LOS ANGELES: It was the Michael Jackson his fans love to remember: a creative genius, a lean, muscular athlete and a doting father.

A court case that is expected to shred his reputation took a detour into the positive this week with testimony about the singer’s talent and kindness.

A makeup artist and a former dancer depicted Jackson as a hardworking “magical” star who inspired those around him, softening the tone of a trial set to scrutinise his darker side.

“He was a gentleman. He was elegant. He was brilliant,” Karen Faye, who did the king of pop’s hair and makeup for nearly 30 years, told a packed Los Angeles superior court. “I found myself working with this magical person.” Faye said she had never seen another performer with such energy or drive.

Earlier this week Alif Sankey, a dancer and associate producer, said she yearned to recreate Jackson’s magic. “Michael’s imagination was endless. He would visualise it, and it happened. It was amazing. It was like living a dream, working with an artist like that, and I will treasure it and have it in my memory forever.”

The glowing recollections followed grim testimony last week from a police officer and a paramedic, who detailed the circumstances of Jackson’s death at 50 in June 2009 while preparing for his comeback tour, ‘This Is It’.

His doctor, Conrad Murray, was convicted in 2011 of involuntary manslaughter for giving him the surgical anaesthetic propofol as a sedative at his rented home in Los Angeles.

Jackson’s family is suing the concert promoter AEG Live for wrongful death, on the grounds that it negligently hired Murray and pushed the singer to breaking point. Lawyers for both sides have said they will detail his addiction to drugs. AEG’s legal team warned of “ugly stuff” to come, a reference to revisiting Jackson’s child molestation trial in 2005.

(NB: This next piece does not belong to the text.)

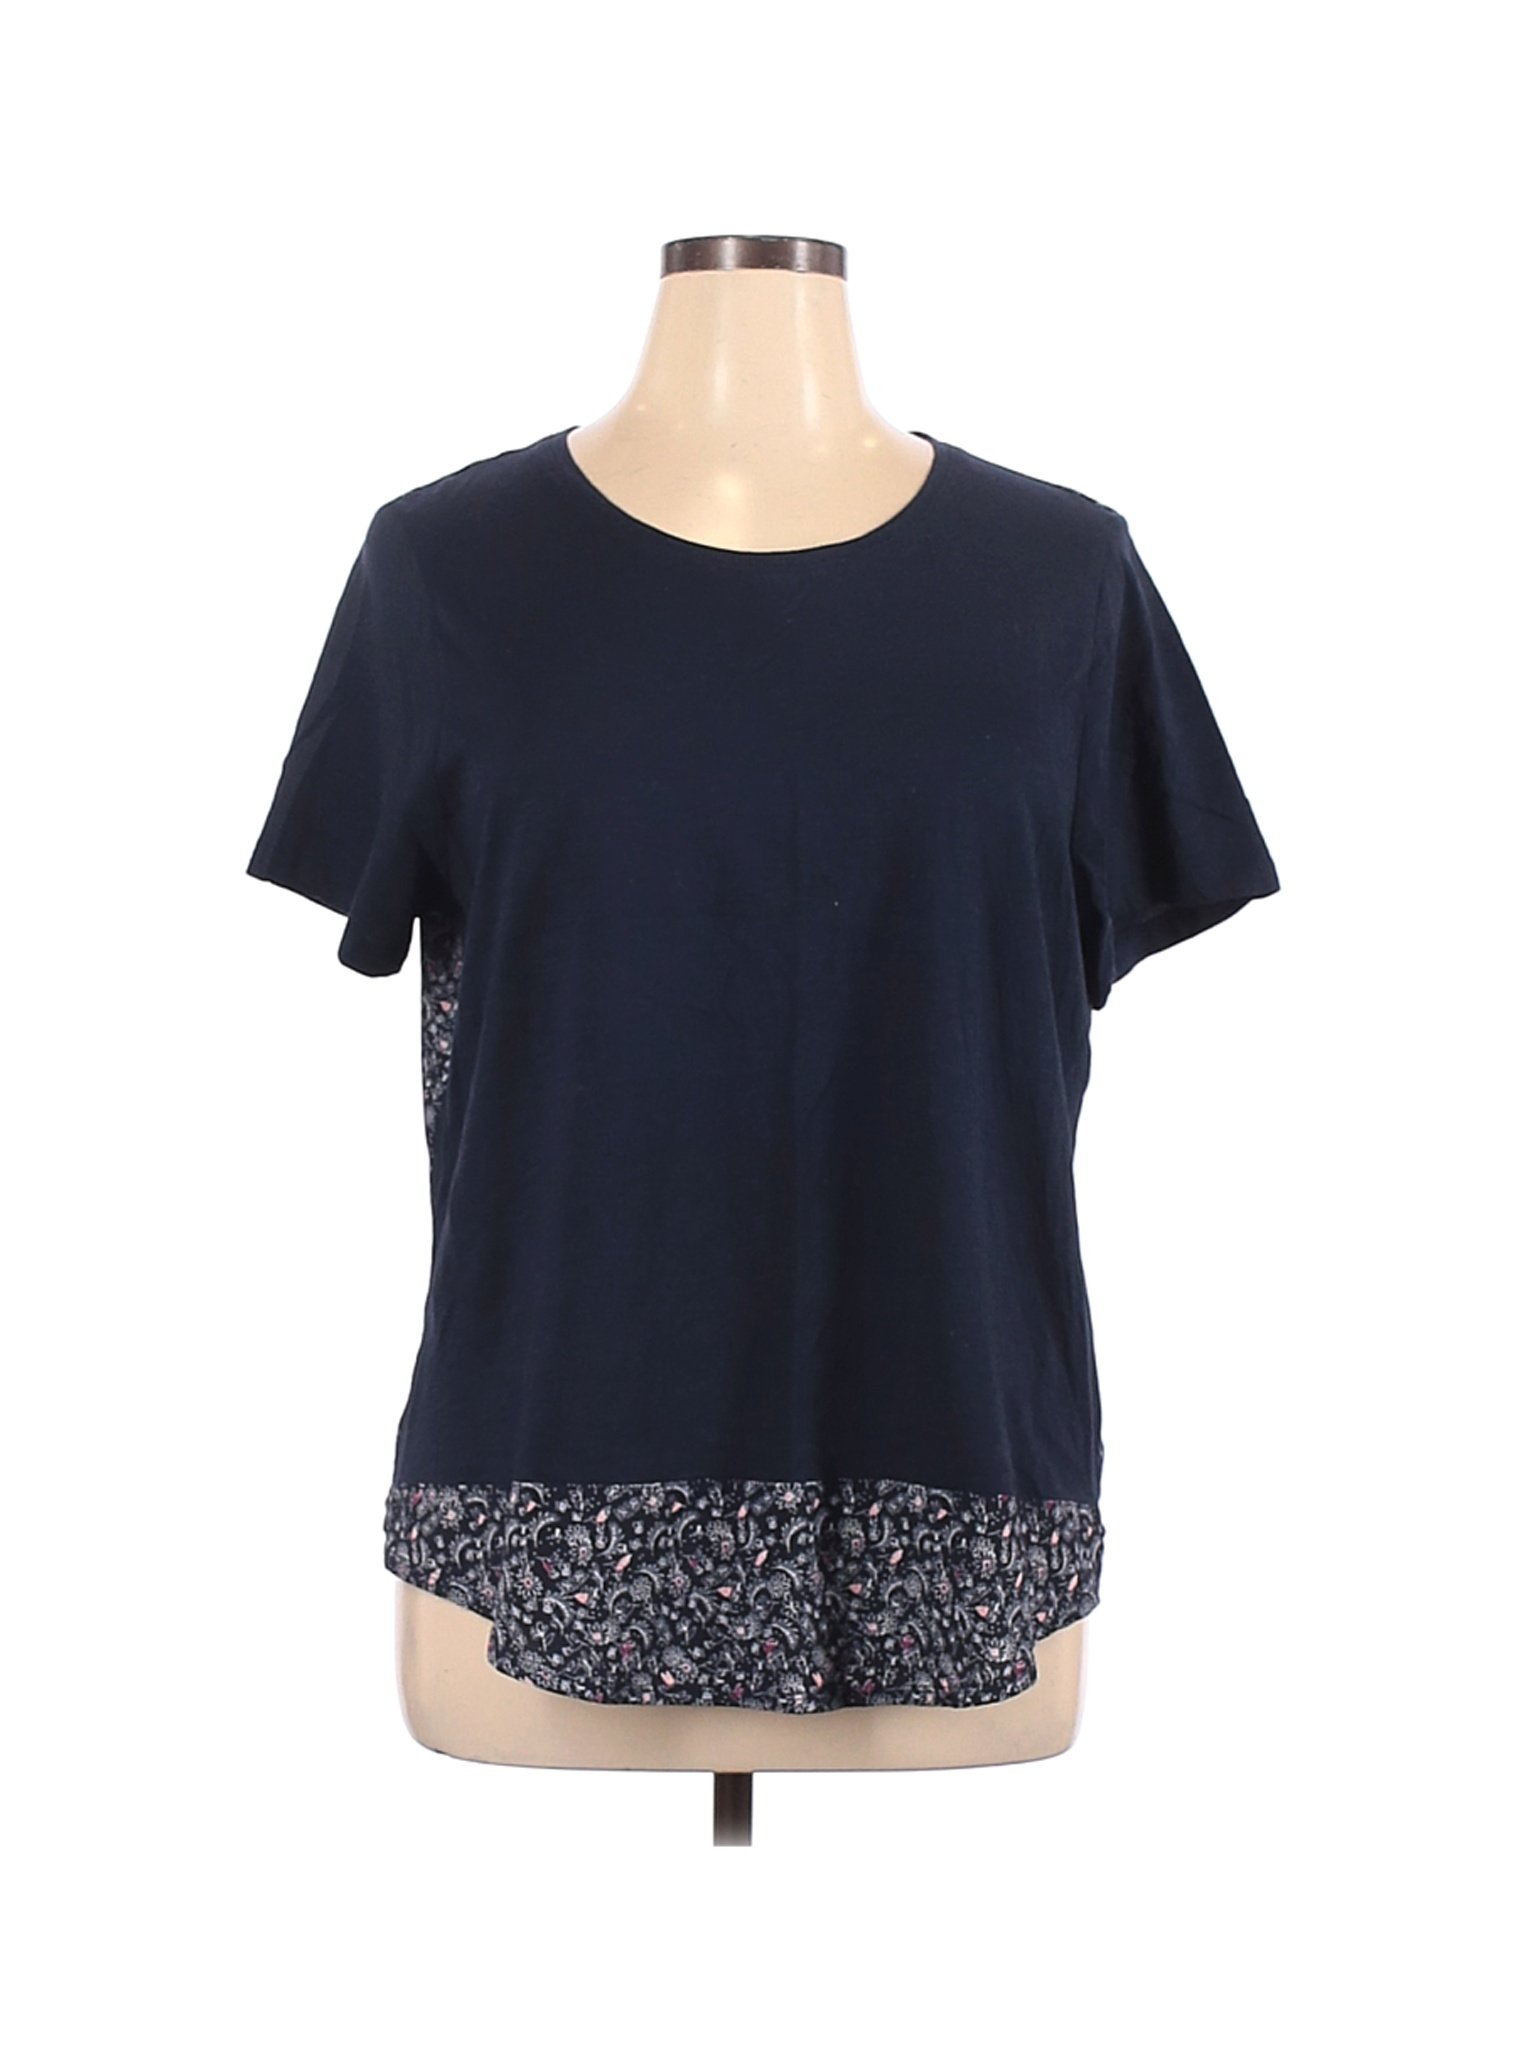 Christopher & Banks Women Blue Short Sleeve Top XL | eBay
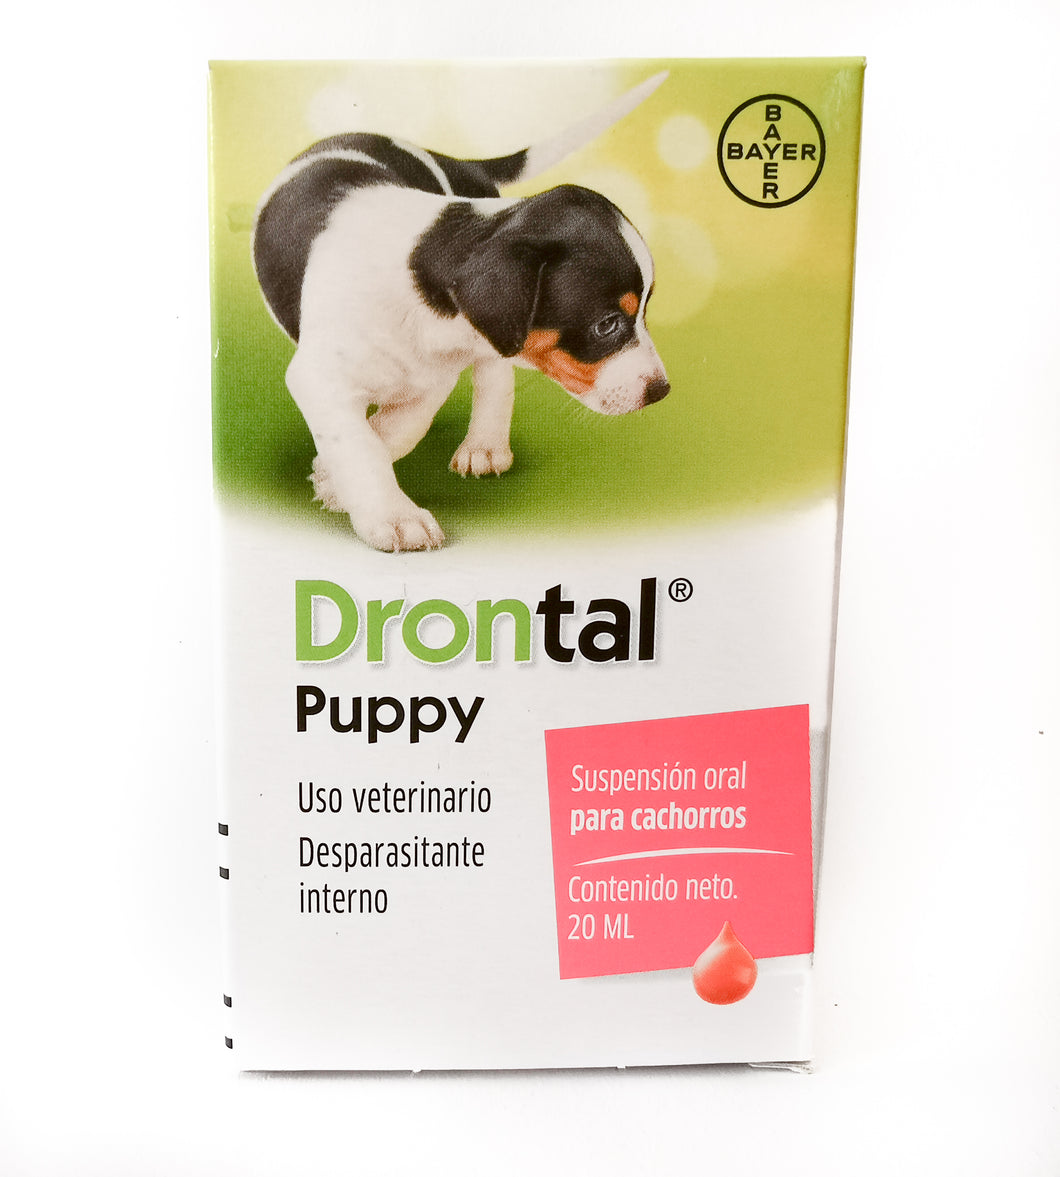 Desparasitante Drontal puppy 20ml

In a separate development it emerged that Wade Robson, an Australian choreographer who testified in 2005 that Jackson did not molest him during sleepovers at his Neverland ranch, now claims he was abused by the singer. The claims were revealed in court documents filed on May 1.

Allegations of sex abuse are expected to be heard later in the trial, which may last throughout the summer. But this week a sunnier image of Jackson emerged. Faye hugged Jackson’s mother, Katherine, 82, and on occasion joked with Brian Panish, the family’s attorney, as she related the singer’s creativity and popularity.

Sankey described Jackson as being indomitable during a 1987 recording of his Smooth Criminal video. “I was completely inspired by his craft and inspired by his attention to every detail.”